= Invenergy =

American power generation development and operations company

Invenergy is an American-based multinational power generation development and operations company. The company develops, builds, owns and operates power generation and energy storage projects in the Americas, Europe and Asia, including wind, solar, and natural gas power generation and energy storage facilities. It is North America's largest privately held renewable power generation company.

According to Invenergy, the company has developed over 220 projects totaling 36 gigawatts of capacity.

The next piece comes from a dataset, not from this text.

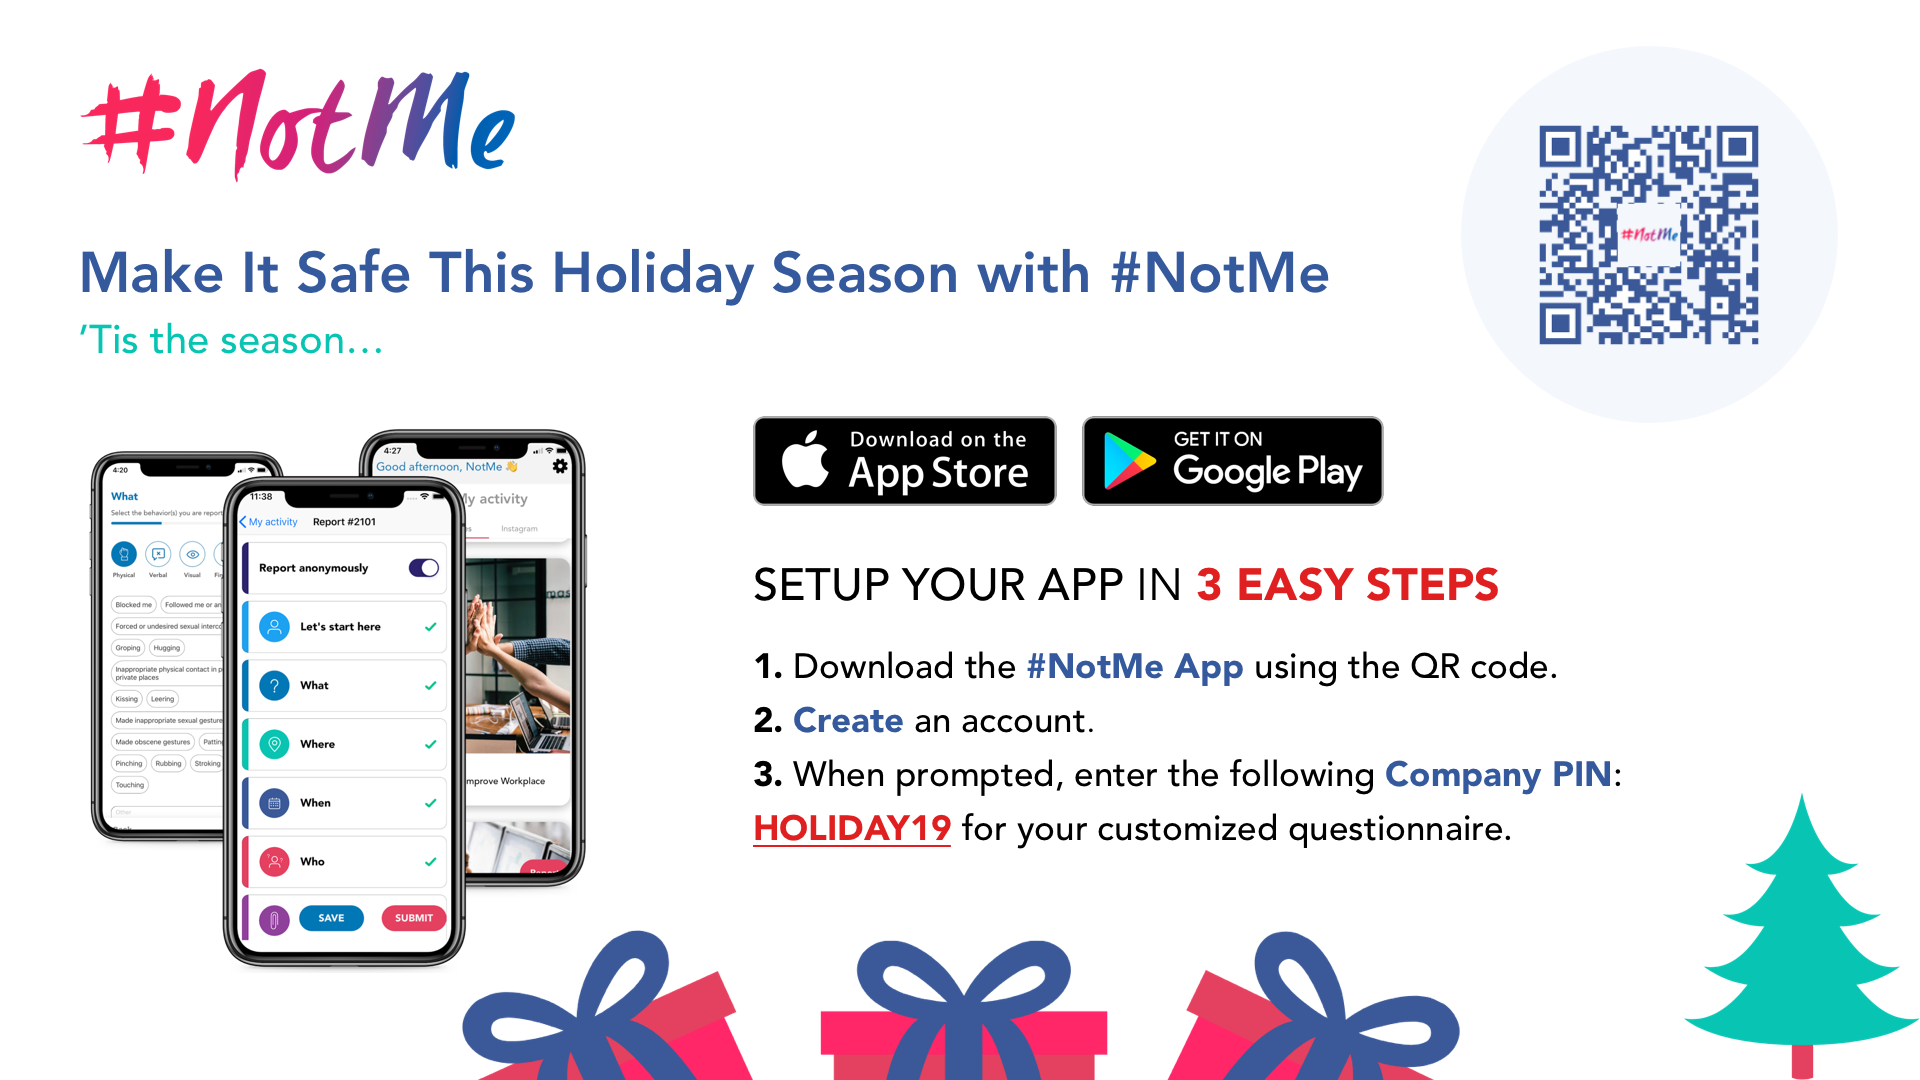 Download the #NotMe holiday app.

These totals include projects in operation, under construction or contracted.

==History==
Founded in 2001 after the sale of SkyGen Energy to Calpine Corporation by Michael Polsky, who today serves as Founder & CEO, the firm is based in Chicago, Illinois. Invenergy also has North American offices in Denver, Portland, Toronto, and Mexico City. European activity is centered in Warsaw. The company also has offices in Tokyo, Medellín, and San Salvador.

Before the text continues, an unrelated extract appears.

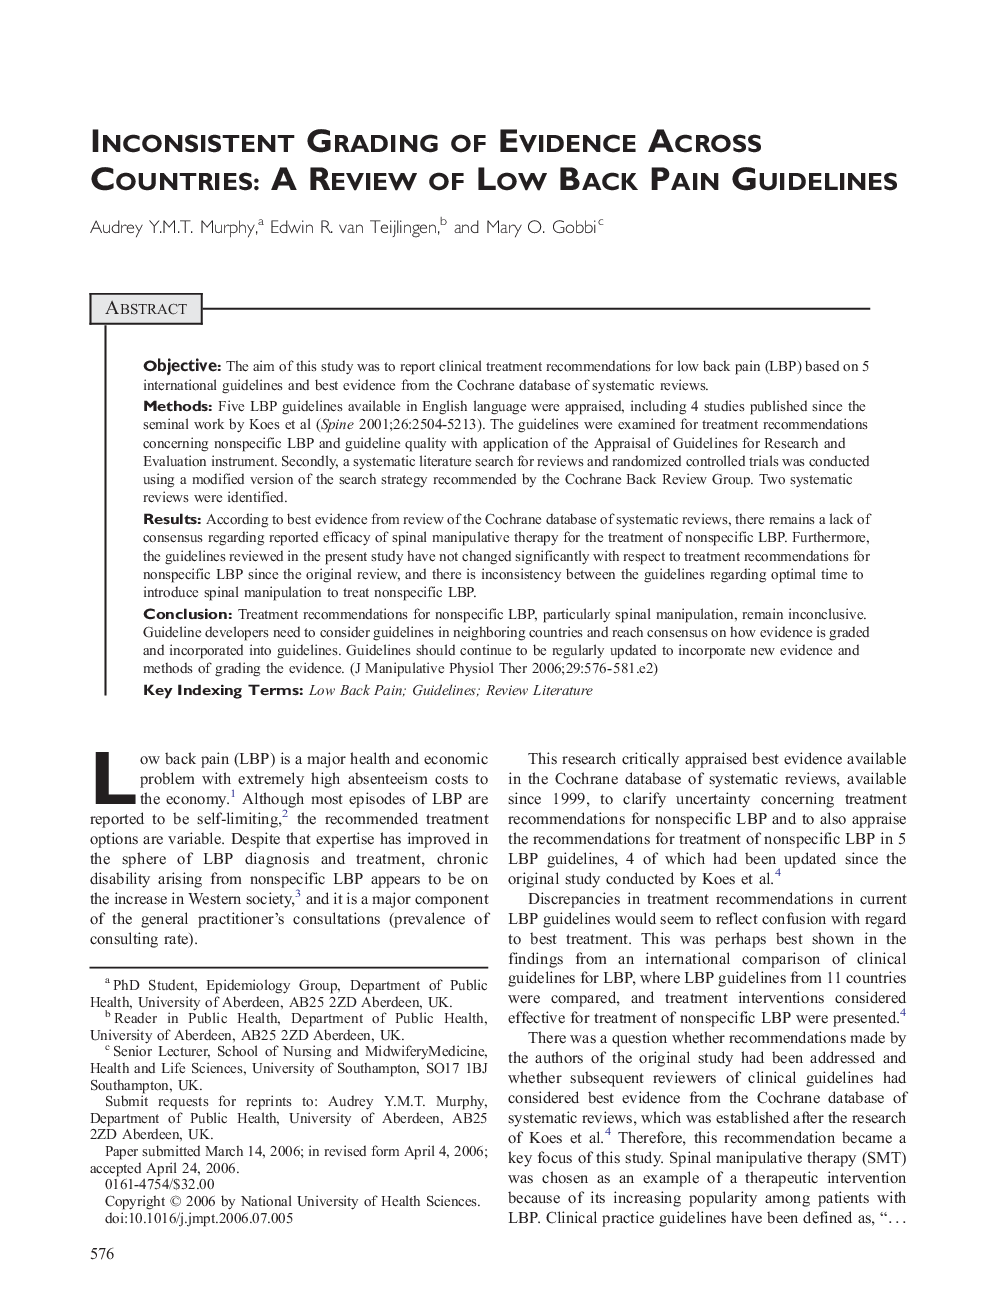 Inconsistent Grading of Evidence Across Countries: A Review of Low Back Pain Guidelines

In January 2013, Quebec's public pension fund manager, the Caisse de dépôt et placement du Québec, invested $500 million in the company's portfolio of operating wind farms. As of 2018, CDPQ has 52.4% economic ownership of Invenergy Renewables, while the company still retains managerial control. The Blackstone Group invested approximately $3 Billion for a minority stake in Invenergy in early 2022.

A now bankrupt yieldco of SunEdison, TerraForm Power, agreed to acquire wind assets in 2015.

In July 2017, Invenergy, in partnership with GE Renewable Energy, announced plans to construct the largest wind farm in the United States, the Wind Catcher Energy Project. However, the project was scrapped in 2018 due to regulatory resistance from state agencies.

In April 2020, Invenergy announced its plans to begin construction of a $200 million solar farm in Lake County, Indiana in 2022.